The regression model described above assumes that short- and long-term training effects are similar in the early and late treatment group. In case the averaged group data suggested a difference between long-term changes after the early and late treatment, this potential difference between the two groups was modelled with an additional interaction term in the following way:

$$\begin{array}{ccc}\varDelta Y(t) & = & {\beta }_{0}+{\beta }_{1}\cdot {Y}_{0}+{\beta }_{2}\cdot T{R}_{short}(t;G)+{\beta }_{3a}\cdot T{R}_{long}(t;G)\\ & & +\,{\beta }_{3b}\cdot T{R}_{long}\cdot G+{\beta }_{4}\cdot N{M}_{8}(t)+{\beta }_{5}\cdot N{M}_{14}(t)\end{array}$$

For the test-retest analysis, we computed the mean difference between repeated measurements at t = 0 and t = 2 months in the late treatment group, i.e., before they received training.
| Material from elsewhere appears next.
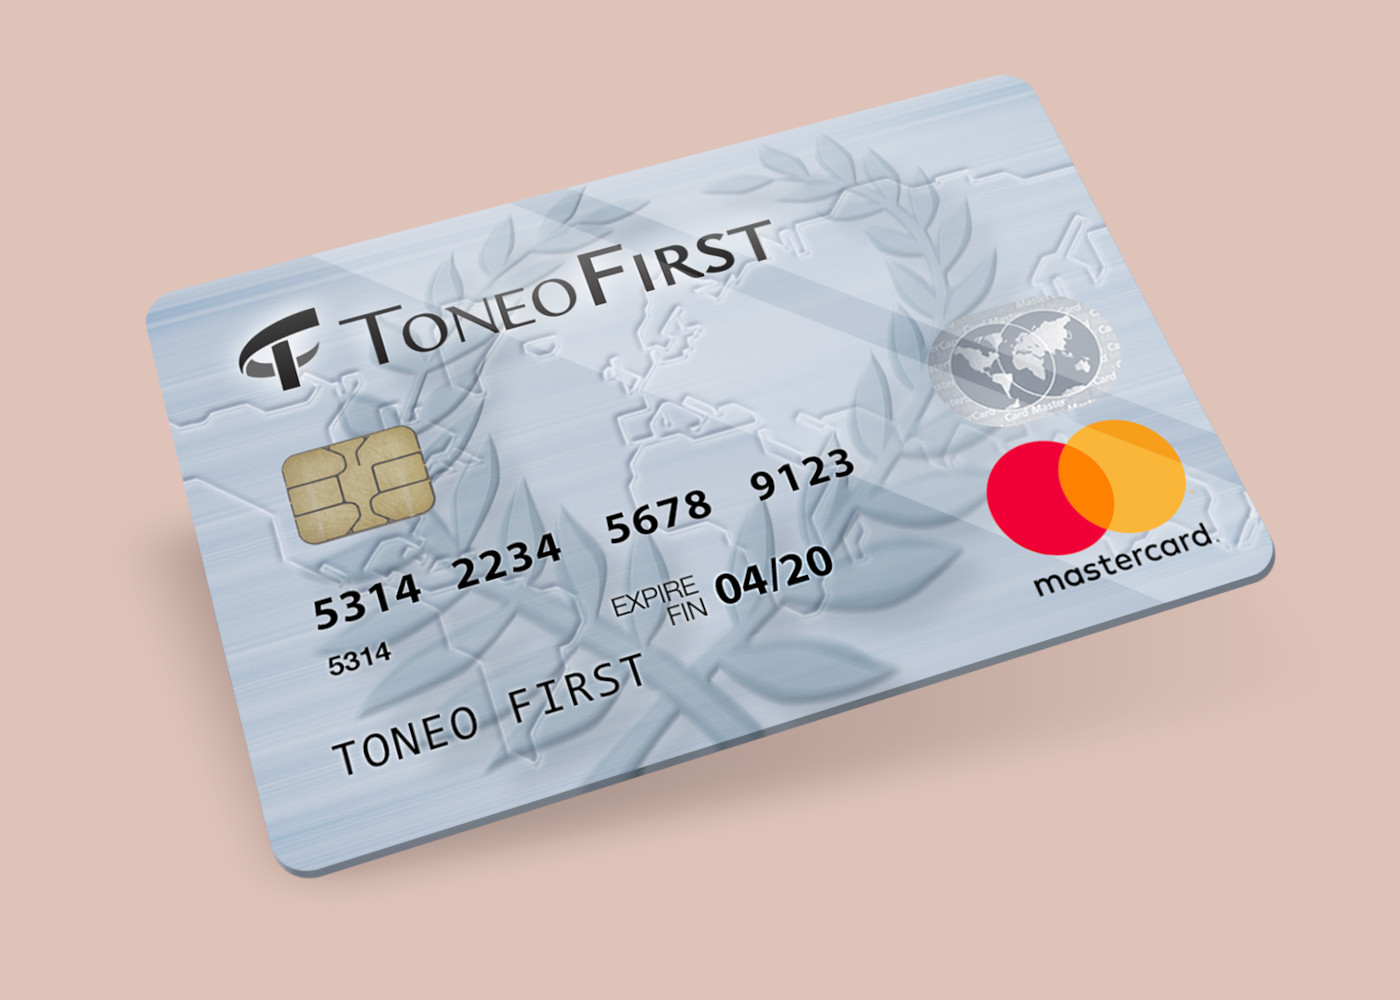 Toneo First Mastercard €15 Gift Card EU 19.63$

Test-retest reliability was expressed as the 95% limit of agreement between the measures at these time points (LOA, i.e. standard deviation difference*1.96). For the FrACT, the mean difference ± LOA for adults with (corrected to) normal vision has been reported to be 0.01 ± 0.10 logMAR (using 24 presentations and 8 possible C-orientations29) and 0.03 ± 0.20 logMAR (18 presentations, 8 possible C-orientations30). This has been interpreted as indicative for ‘high agreement’ and ‘room for improvement’, respectively. Unless specified otherwise, values are reported as mean ± standard error of the mean (SEM).